The Art Teachers Association of Ireland (ATAI) is a voluntarily run subject association group. Its main function is representing Art Teachers, (predominantly at post-primary level) in Ireland. The association is a member of the Subject Association Representative Groups (SARG).

The association was established in 1950. The association concerns itself with developing and promoting Art education in Ireland.
Over the years of its existence, it has been run by art teachers, for art teachers.
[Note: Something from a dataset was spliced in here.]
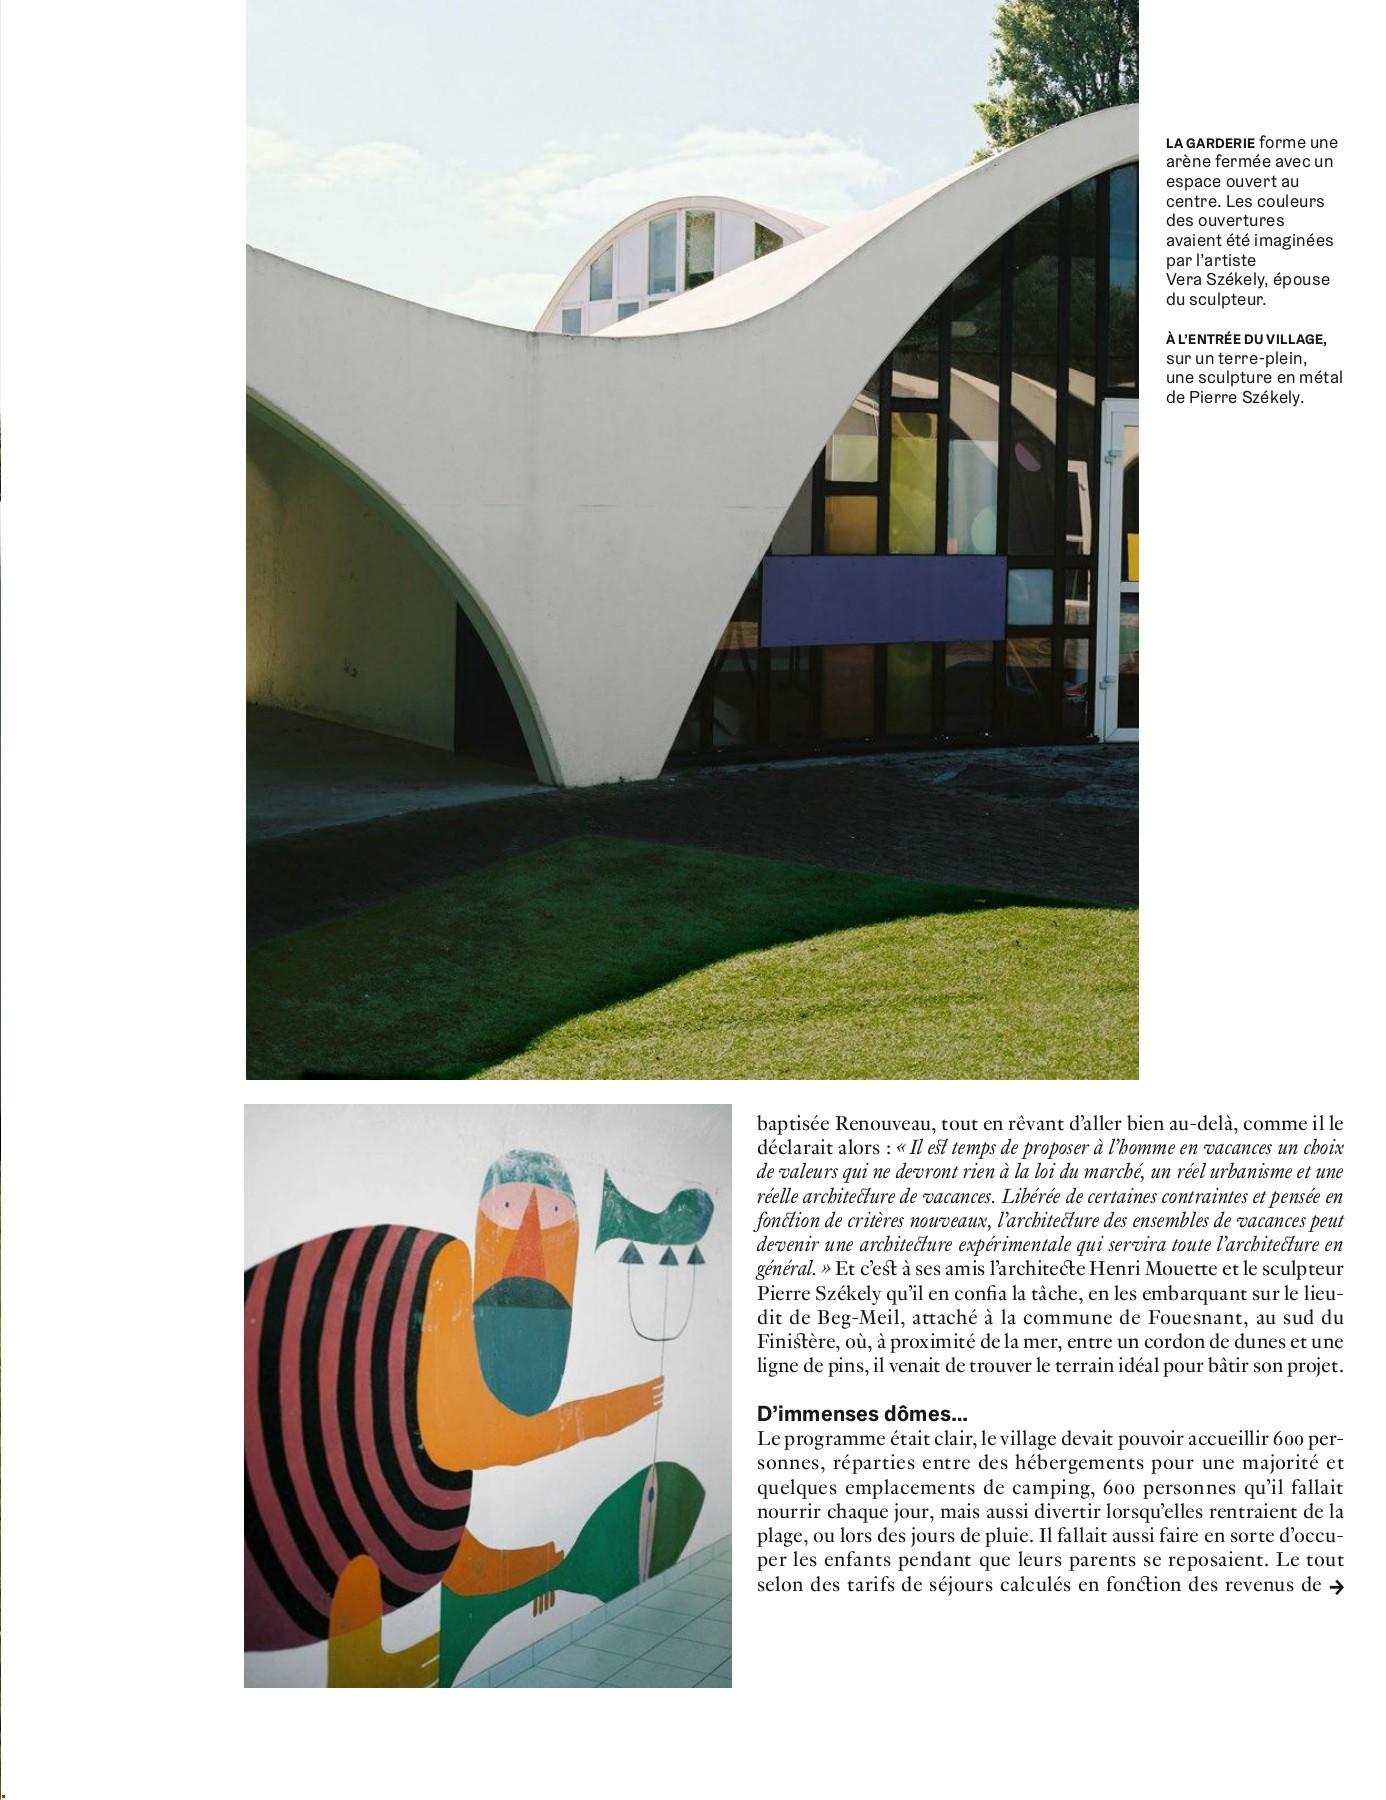 Prix Cheminee Exterieur Feu Chic Design architectural digest france_sepoct 2019-flip book pages 101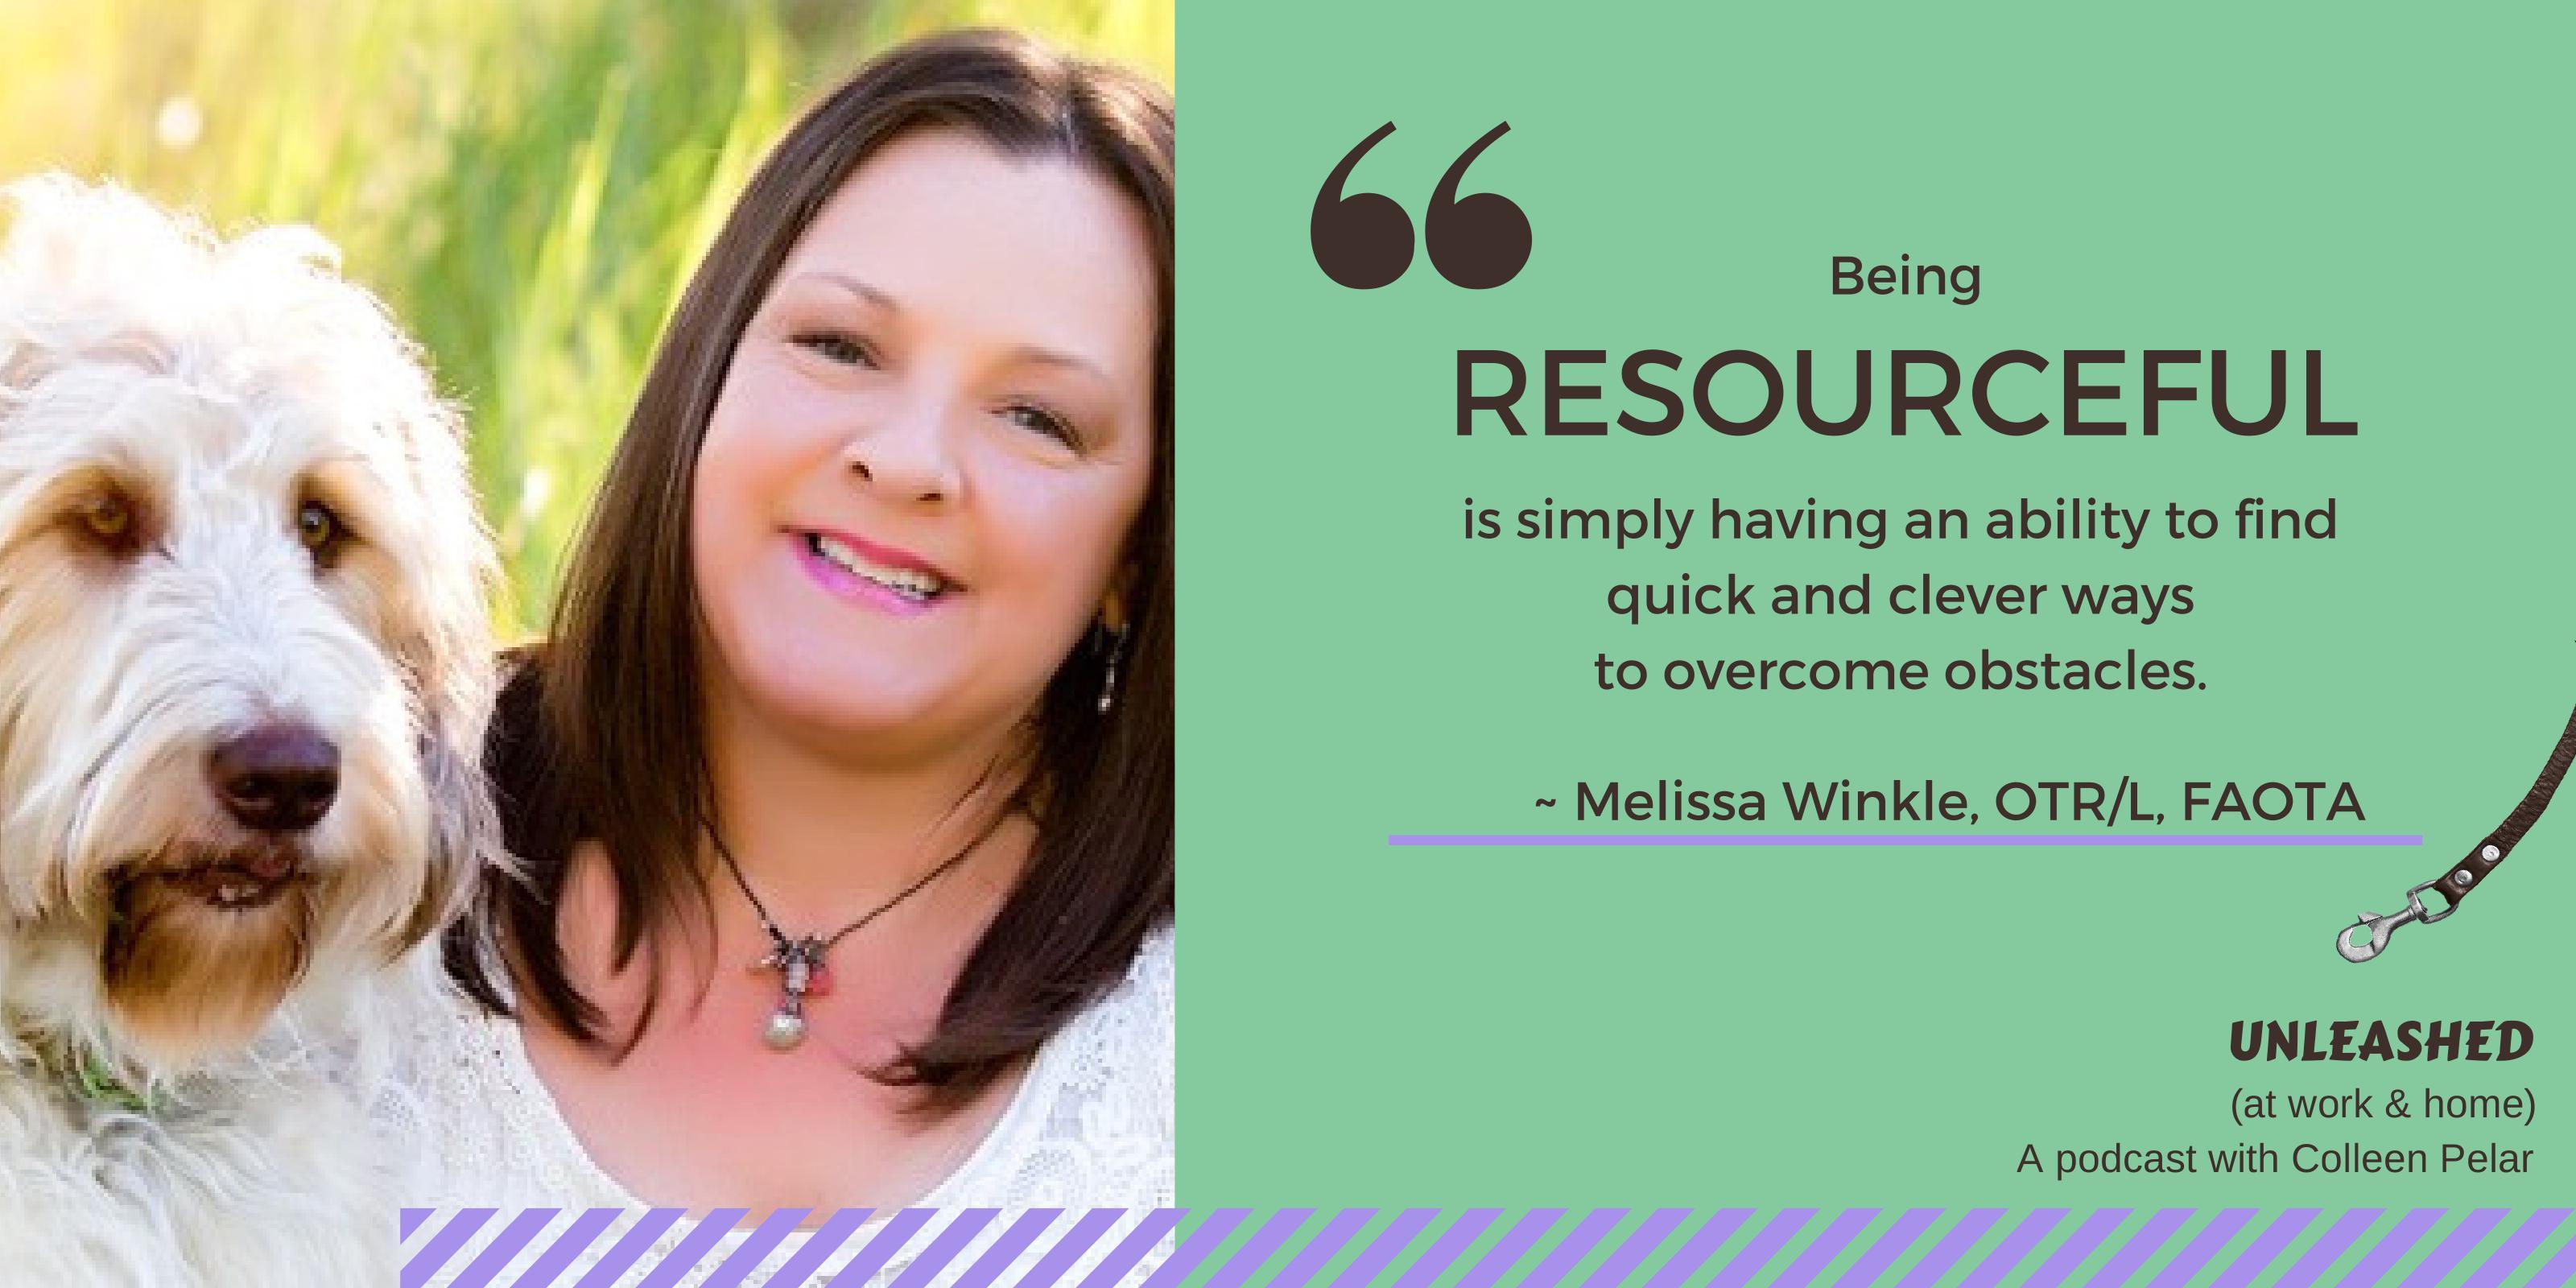 Melissa Winkle

There is a national executive that oversees policy and promotion, and over the years regional branches formed so that art teachers (usually working alone in their departments) could meet and share ideas and good practices.

As well as collaborating with SARG and TPN who help fund the association, the association often collaborates with the Initial Teacher Education colleges, such as NCAD LSAD and CIT such as the senior cycle teachmeet co-run with NCAD.

==Regional structure==
The organisation is set up and run in a regional structure, usually tied to county borders. There historically have been several regions, currently there are:
- Cork
- Donegal
- Dublin
- Galway
- Tipperary/Limerick

==Conference==
An annual conference is organised partially funded with TPN funding. The conference usually discusses methodologies, learning and will usually address topical issues.

==Leaving Certificate Art reform==
In 2020, the Irish Leaving Certificate Art curriculum was updated for the first time since 1971, with the draft specification being called in 2017. There had been numerous calls for it to be updated to align with the then Junior Cycle curriculum, as changed in the 1990s. During that time, the ATAI represented art teachers in advocating for this change to happen. The 1971 syllabus had several elements

- Life Sketching (12.5%)
- Craft OR Design (25%)
- Still Life OR Imaginative Composition OR Abstract Composition (25%)
- History and Appreciation of Art (37.5%)
  - Irish Art History (12.5%)
  - European Art History (12.5%)
  - Appreciation of Art and Design (12.5%)

The syllabus was criticised for being too broad, having 6000 years of history to focus on, and in particular, the examination process, which could ask anything from Newgrange to Banksy.

===00's draft syllabus===
There was a draft syllabus issued by the NCCA in consultation with interested bodies, such as the TUI, ASTI, SEC, and subject groups including the ATAI. Due to the economic crisis of 2008, and subsequent Irish recession, this syllabus was shelved indefinitely.

During the mid-2010s, the NCCA committed to reforming the art syllabus.

==Texaco Children's Art Competition==
This competition started as an ATAI competition, and was adopted and sponsored by Texaco (then caltex).